* **WORK TASK**:
Below are some records. Write out exactly their lines from the one with "Potah na pohovku" through the one with "kingston-weekender-photo-credits32.jpg", and leave the pictures behind.

* **DATA PROVIDED**:
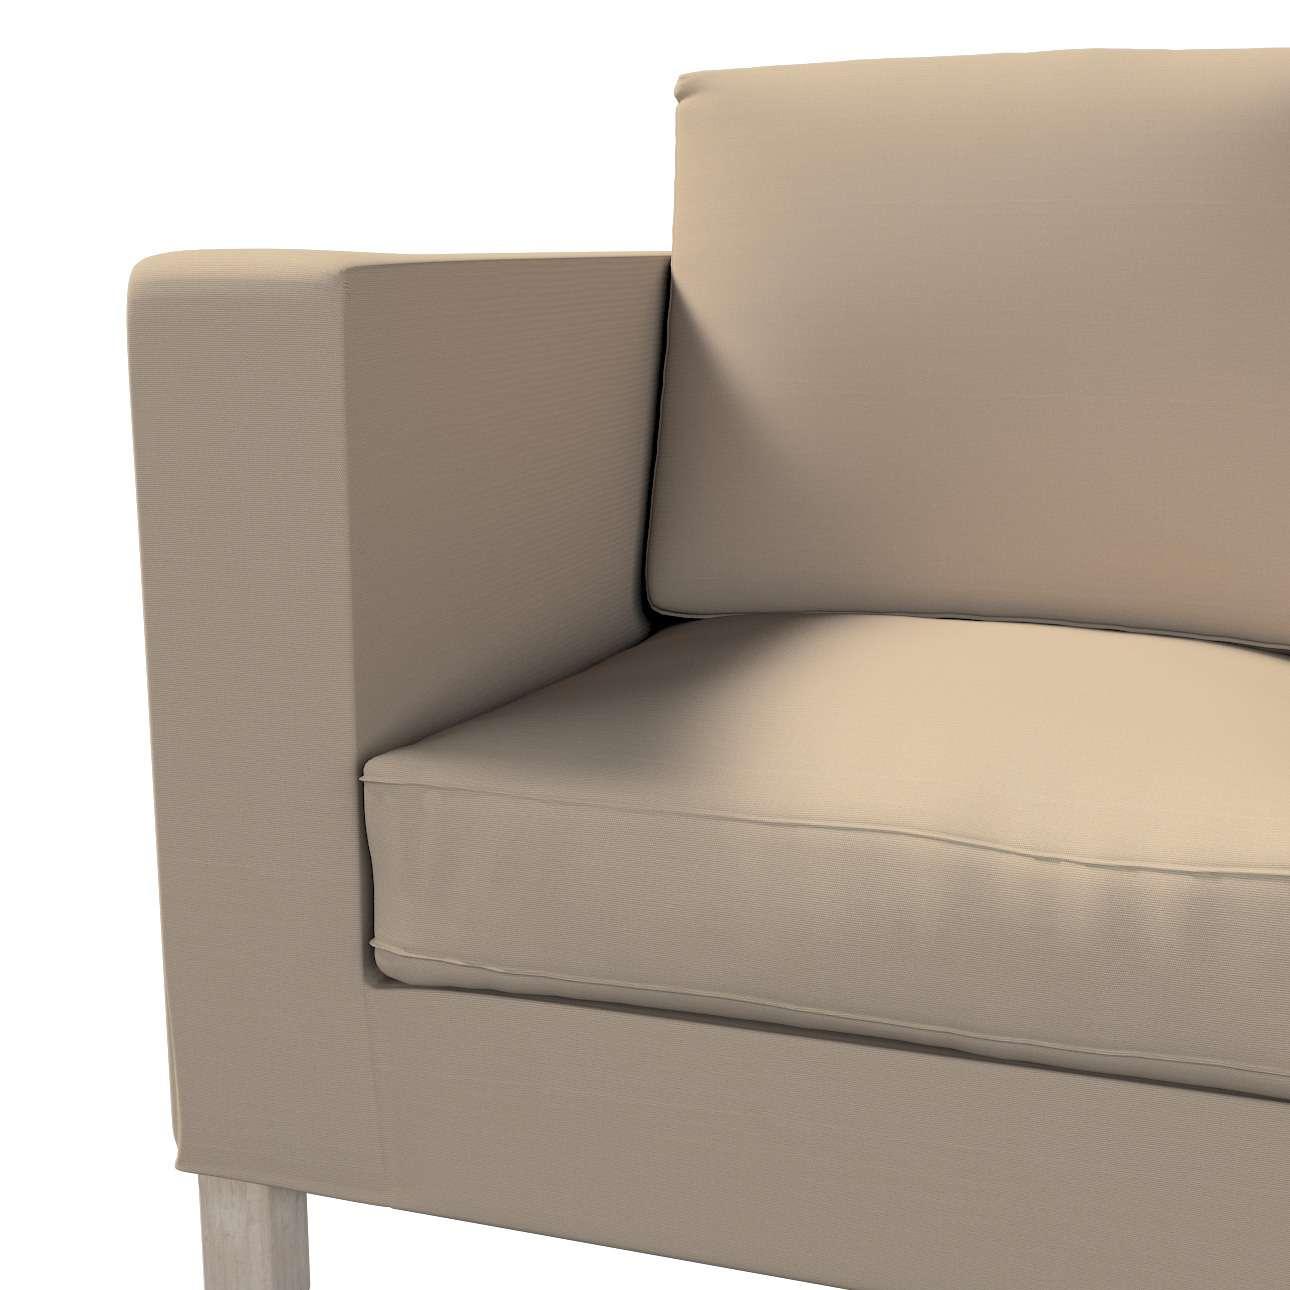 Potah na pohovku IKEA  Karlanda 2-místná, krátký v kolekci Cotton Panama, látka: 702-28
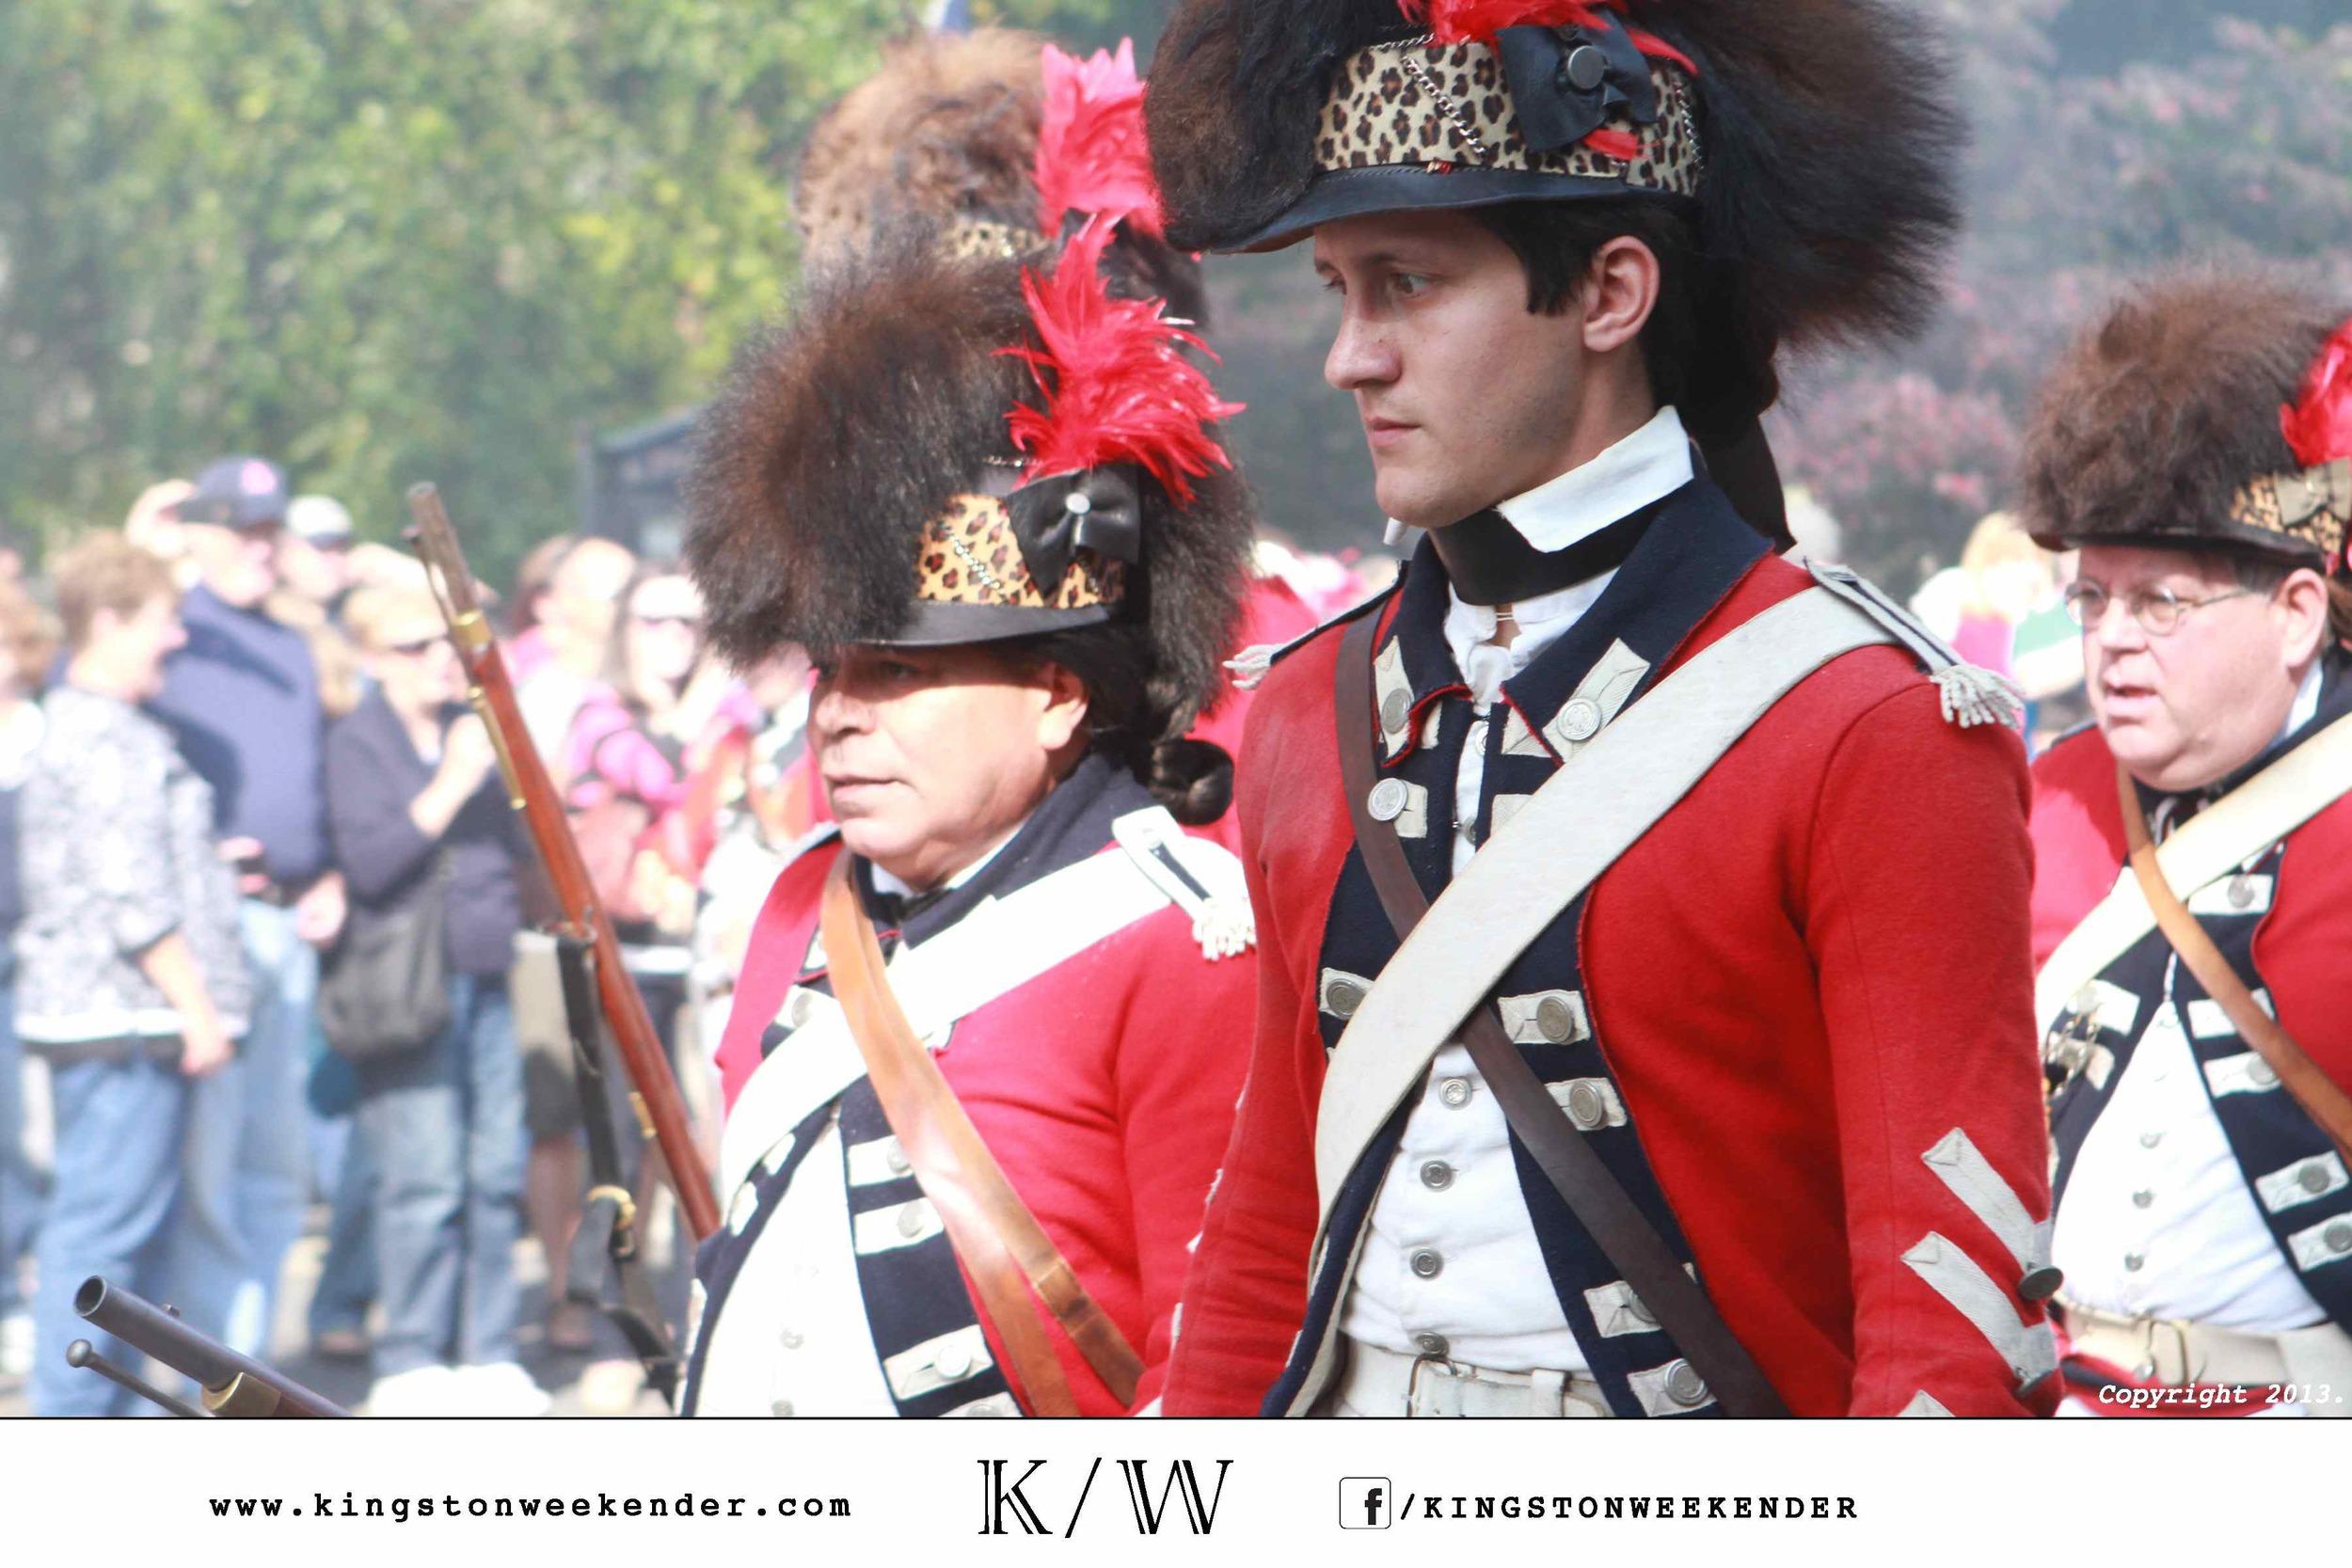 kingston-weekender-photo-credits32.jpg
---
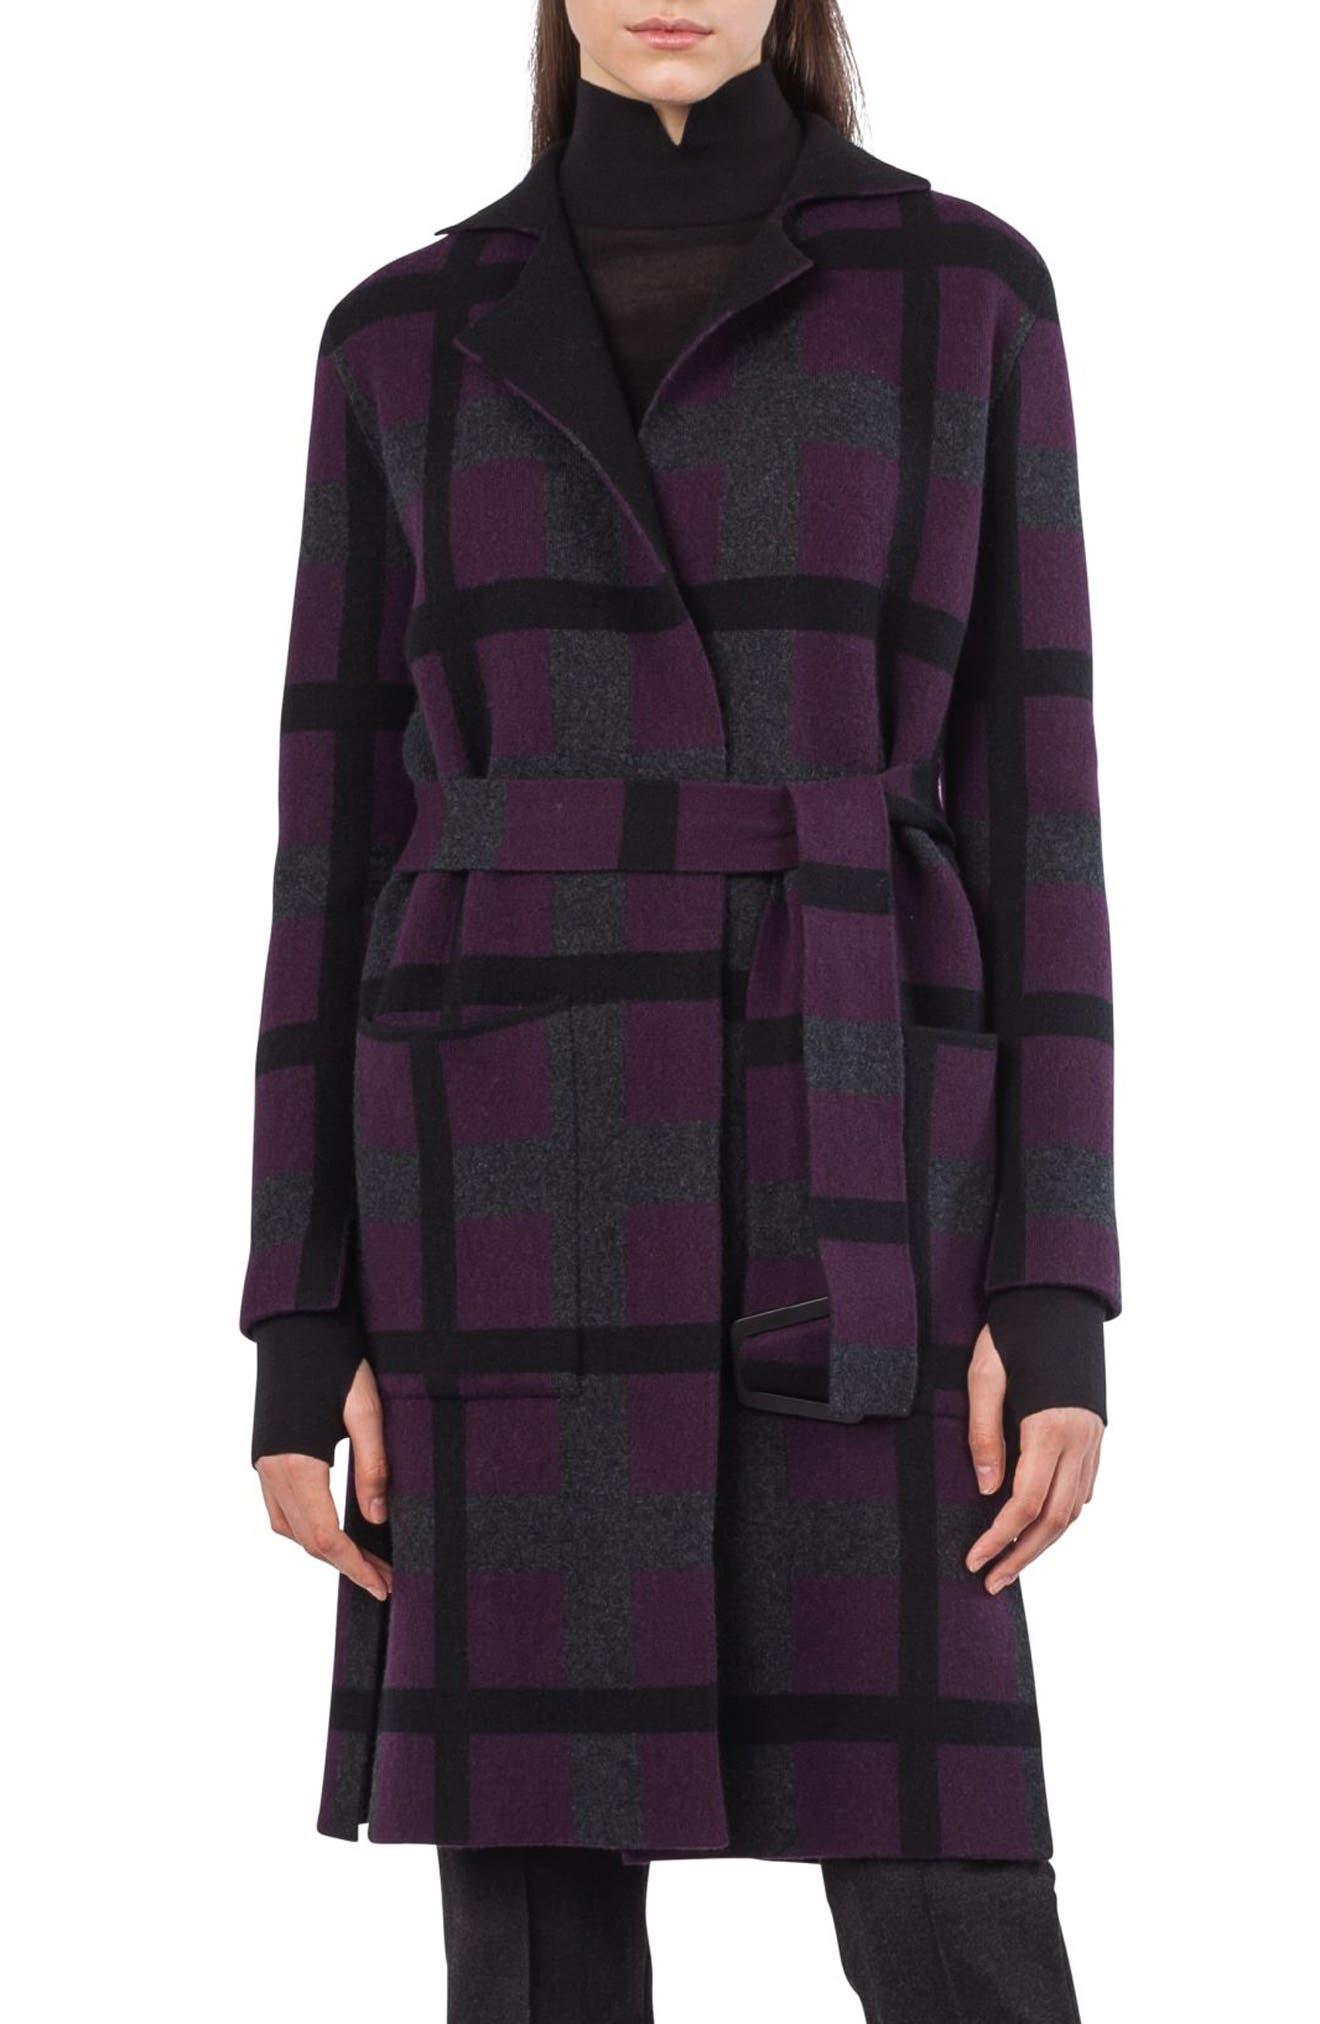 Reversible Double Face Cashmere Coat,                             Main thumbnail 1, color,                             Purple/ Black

* **RESULT**:
 Potah na pohovku IKEA  Karlanda 2-místná, krátký v kolekci Cotton Panama, látka: 702-28
 kingston-weekender-photo-credits32.jpg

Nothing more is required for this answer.